I perfectly agree with Ian's comment in that the ultimate arbiter of whether the Rankine-Hugoniot conditions should be applied is in the physics. Furthermore, your equation is not obviously a conservation law so the interpretation would be a bit tricky. But at least mathematically there doesn't seem to be any particular difficulty in specifying the jump condition and the entropy condition as you would normally.

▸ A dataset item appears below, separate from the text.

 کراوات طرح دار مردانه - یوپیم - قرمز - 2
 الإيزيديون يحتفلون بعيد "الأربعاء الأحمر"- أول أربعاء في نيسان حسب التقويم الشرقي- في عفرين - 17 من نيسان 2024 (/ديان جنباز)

For the jump condition: Your equation can be rewritten in integral form $$ \partial_t \int_a^b u~\mathrm{d}x + \frac12 u^2 \Big|_a^b + \int_a^b u^2 ~\mathrm{d}x = 0 $$ Supposing you have the shock front travelling along the line $y(t)$, with the solution being classical to the left and right of it. You have that $$ \partial_t \int_a^b u ~\mathrm{d}x = \int_a^y \partial_t u ~\mathrm{d}x + \int_y^b \partial_t u ~\mathrm{d}x + \dot{y} (u_l - u_r) $$ where $u_l = \lim_{x \to y^-} u(t,x)$ and $u_r = \lim_{x\to y^+} u(t,x)$. Now, since $\int_a^b u^2 = \int_a^y u^2 + \int_y^b u^2$ even when $u$ has a jump discontinuity, you arrive at the same jump condition that $$ \dot{y} = \frac12 (u_l + u_r) \tag{jump}$$ as the Burgers' equation.
The entropy condition can also be imposed since the principal part of the equation is the same as Burgers.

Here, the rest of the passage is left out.